Blockbuster has said Episcopo was laid off during a corporate restructuring.
The suit marks the second time Episcopo has taken Blockbuster to court. A 1992suit alleges that he had been harassed and fired because his supervisor, Dan Barr, thought Episcopo, who is gay, had tested positive for HIV. That suit is pending.
Gov. to OCA: Stay out of Nevada
Carson City, Nev.-Proponents of antigay proposals in the Pacific Northwest who plan a similar petition in Nevada were criticized January 19 by Gov. Bob Miller for "sending out messages of intolerance and discrimination."
The governor said he'll send a letter to the Oregon Citizens Alliance, which was to have filed its petition here in mid-January, "to tell them in no uncertain terms that in Nevada we do not tolerate discrimination based on age, race gender, religion, physical condition, sexuality or any other factor."
Similar initiative drives, also being assisted by the OCA, are being mounted in at least seven states.
Mabon said his group decided to work on a Nevada ballot proposal after the legislature repealed the sodomy law last year.
MicroGeneSys wants taxpayer AIDS contributions
Hartford, Conn.-MicroGeneSys Inc. is paying an influential lobbyist to to seek some of the money being generated for AIDS assistance by voluntary state taxpayer contributions.

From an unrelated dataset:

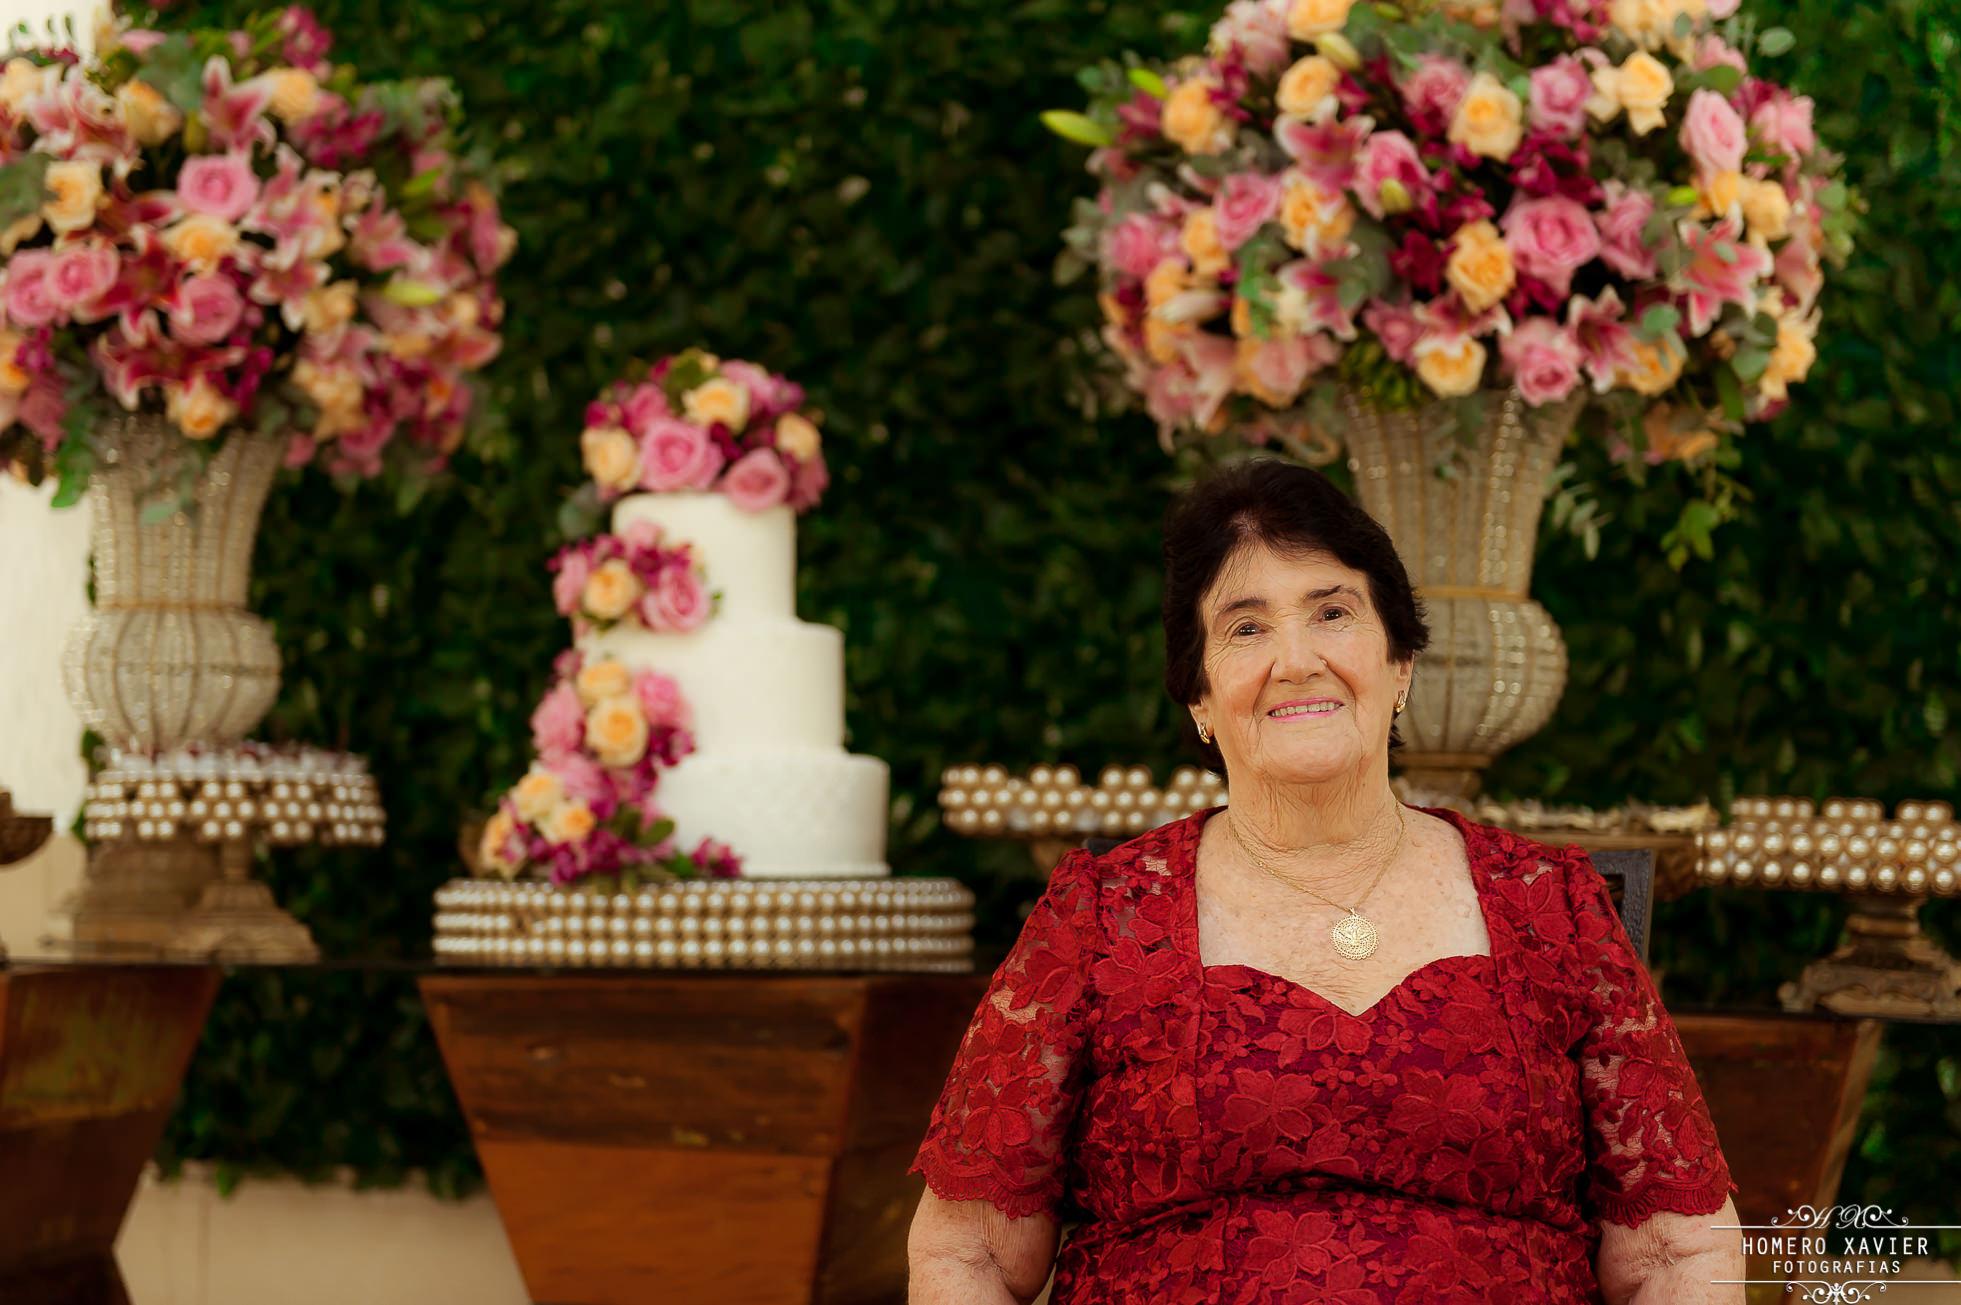 Festa de aniversário de 80 anos realizada no Recanto Marietta

"How sleazy can you get?" asked AIDS activist Phil Haskell of New Haven. "Clearly the intent was to provide money and treatment for people with AIDS through community-based services."
Deputy State House Majority Leader Patricia Dillon, D-New Haven, a key sponsor of the tax-donation legislation, said the impact of regulations being recommended by MicroGeneSys would drain dollars away from nonprofit AIDS groups that sorely need money.
Washington politicians rally against anti-gay initiatives
Olympia-Washington's two anti-gay initiatives are divisive, hateful and could lead to violence, Democratic Gov. Mike Lowry and Republican Lt. Gov. Joel Pritchard said January 12.
The pair joined much of the state's political establishment-particularly Democrats who hold most of the power positions-in an unusually early campaign to head off the measures. News conferences were held around the state, and also featured U.S. Sen. Patty Murray, Seattle Mayor Norm Rice, labor leaders, congressional representatives, and others.
Architects of Oregon's Measure 9, which was turned down by voters in that state in 1992, on January 10 filed a similar initiative for Washington.
Sponsors have until July 8 to gather 181,667 valid signatures to gain a place on the fall ballot.
Lowry said the initiatives probably are unconstitutional and almost certainly would be rejected if on the November ballot. But he said he still is asking citizens not to sign initiative petitions.